Despite the widely held view that indexing is the safest way to invest, not everyone is a proponent.
Despite the widely held view that indexing is the safest way to invest, not everyone is a proponent.
Indexing actually “helped recklessly drive our financial system and economy into the ditch last fall,” said Scott Cleland, president of Precursor LLC, a McLean, Va., industry research and consulting firm.
“All the rules and oversight in the world can't keep us out of the ditch in the future if index vehicles continue to drive the wrong way against oncoming traffic,” he wrote in a June 11 blog titled “Indexing into the Ditch — Financial Crisis Root Causes, Part I.”
“Stress testing whether bank vehicles can survive head-on crashes completely misses the point that indexers should not be driving the wrong way on the freeway,” Mr. Cleland wrote.
A major reason that the financial system has become so unstable and dangerous to financial security is that more than 10% of money management vehicles are indexers. “By design, [these] drive the wrong way against the oncoming traffic of a market economy that allocates capital based on economic merit,” he wrote.

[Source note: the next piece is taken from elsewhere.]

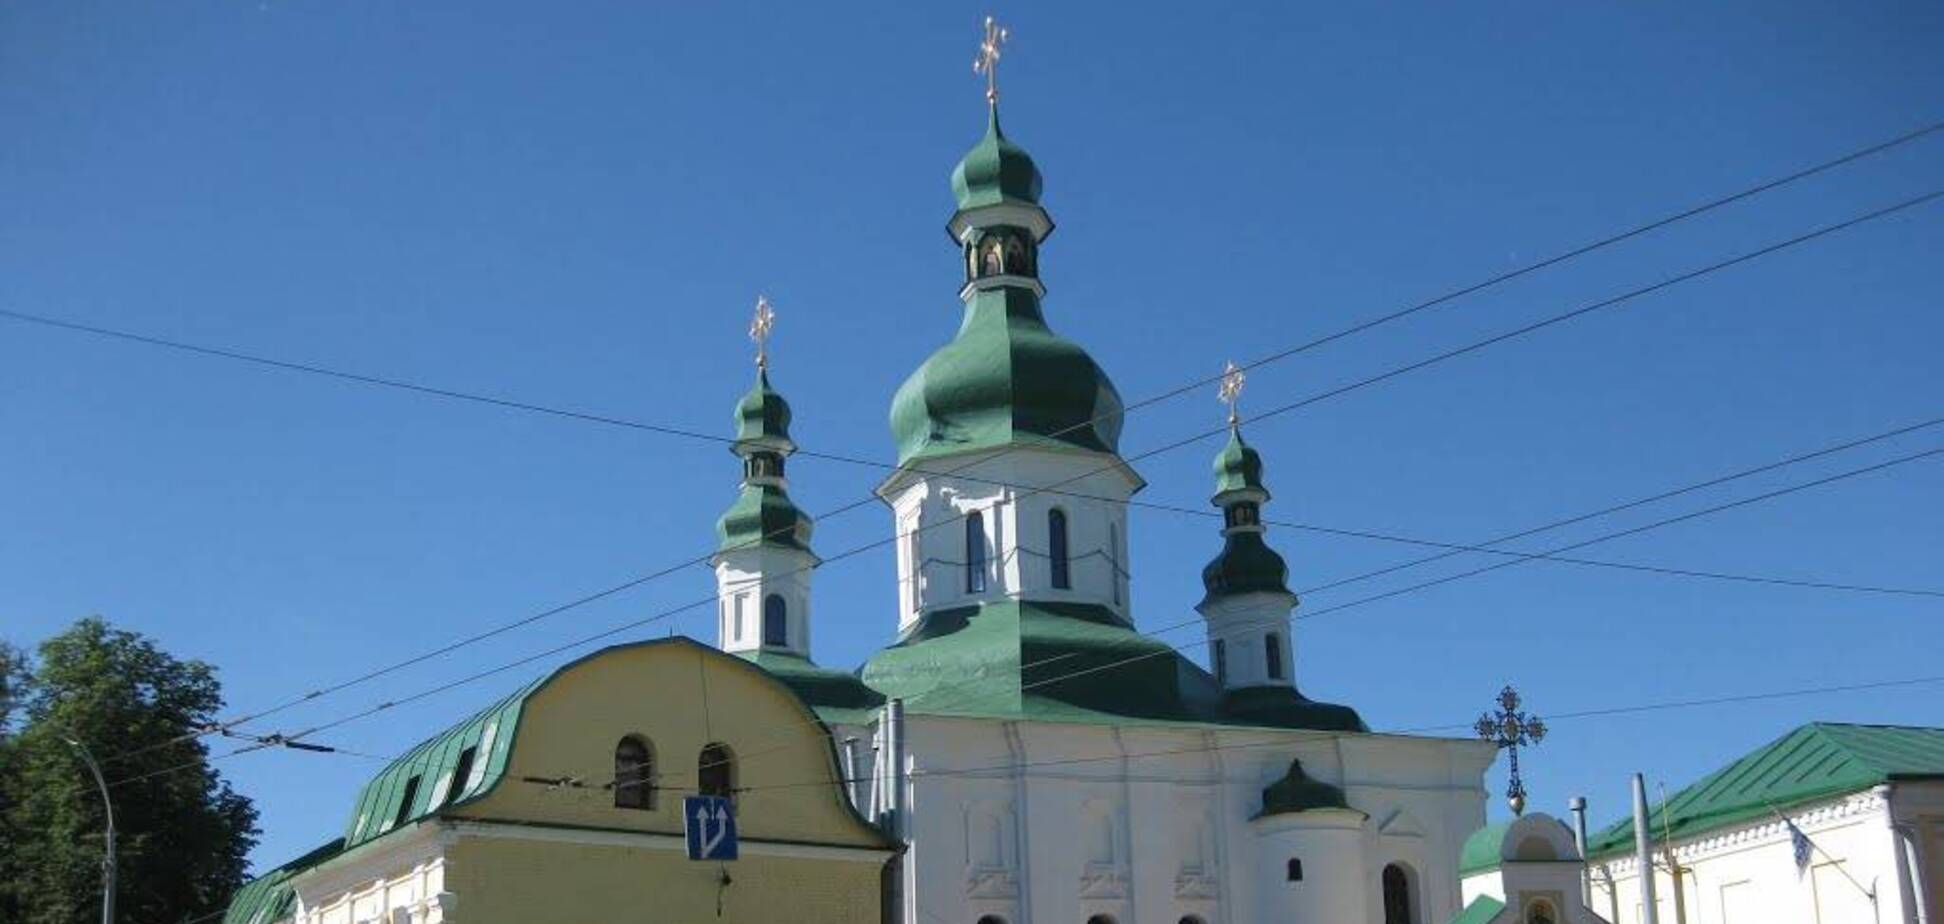 Свято-Феодосиевский мужской монастырь в Киеве

As more investments are indexed, it could lead to economic gridlock, Mr. Cleland wrote.
Index funds represent $1.5 trillion, or about 12% of all mutual fund assets.

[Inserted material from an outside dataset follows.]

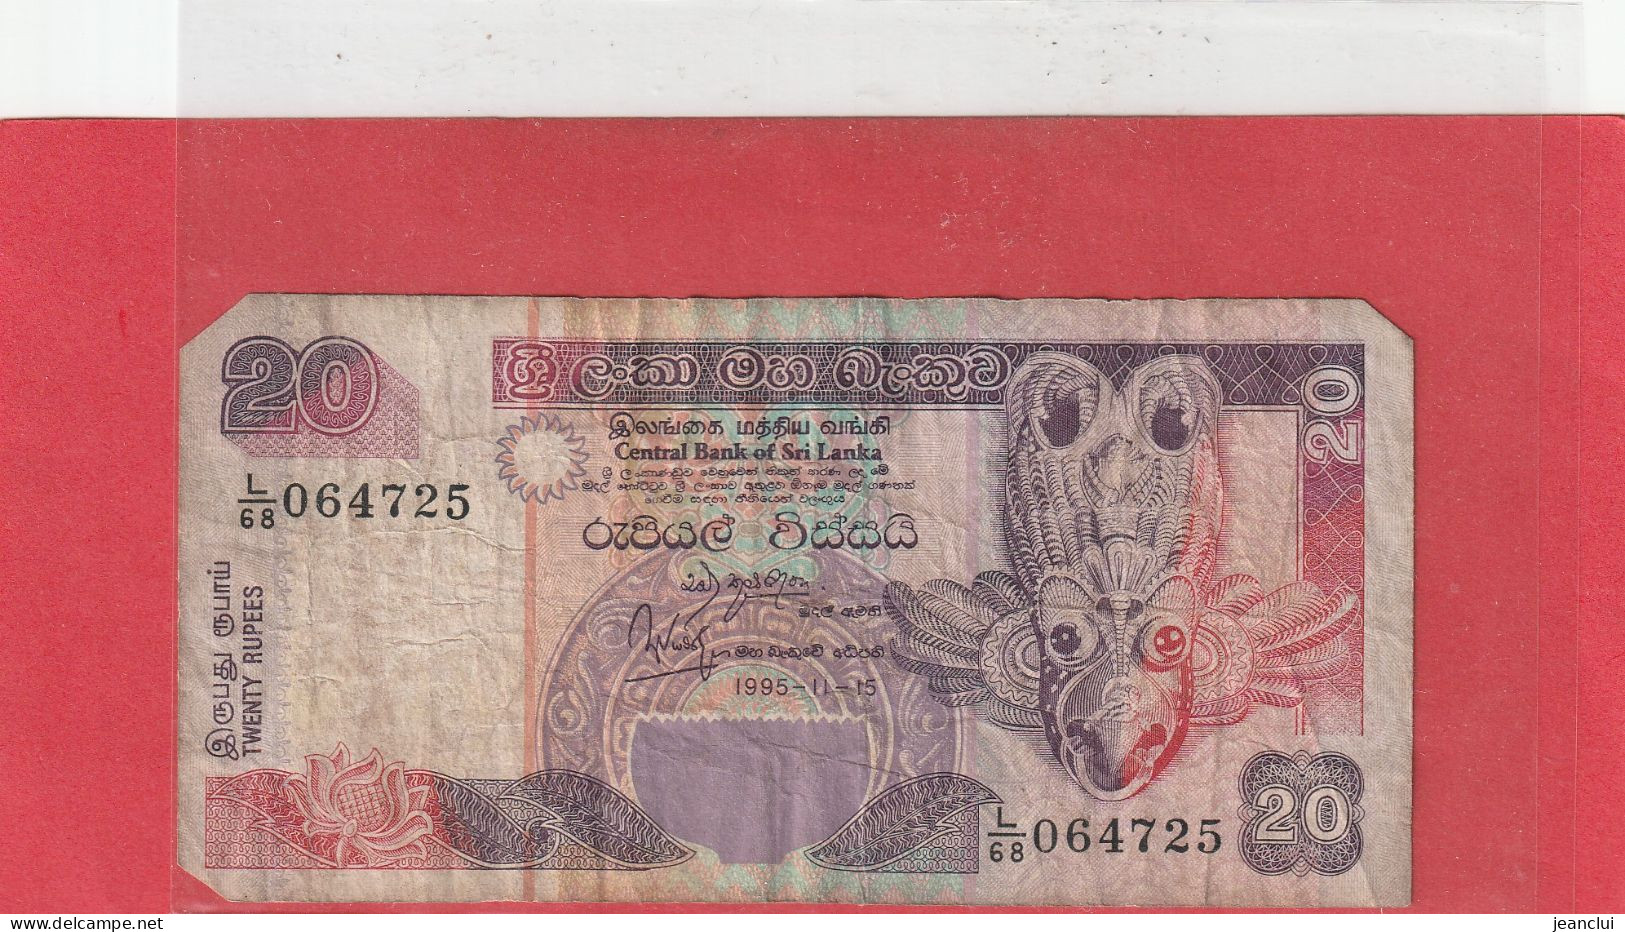 CENTRAL BANK OF SRI LANKA   .  20 RUPEES  .  15-11-1995  .  N°   L/68 064725 .  2 SCANNES  .  BILLET TRES USITE MANQUE 3 - Sri Lanka

Many managed funds feel pressure to “closet index,” Mr. Cleland wrote.
Indexing naturally amplifies market volatility because it artificially creates a massive one-sided market, he wrote. It generates substantial supply with no offsetting demand in a down market, and it generates substantial demand with no offsetting supply in an up market.
Famous index proponent John Bogle, founder of The Vanguard Group Inc. of Malvern, Pa., e-mailed his view that Mr. Cleland's thesis “is nuts! Last time I looked, index funds accounted for about 0.4% of all stock trading ... Just perhaps the other 99.6% might bear a teeny-weeny bit of the responsibility.”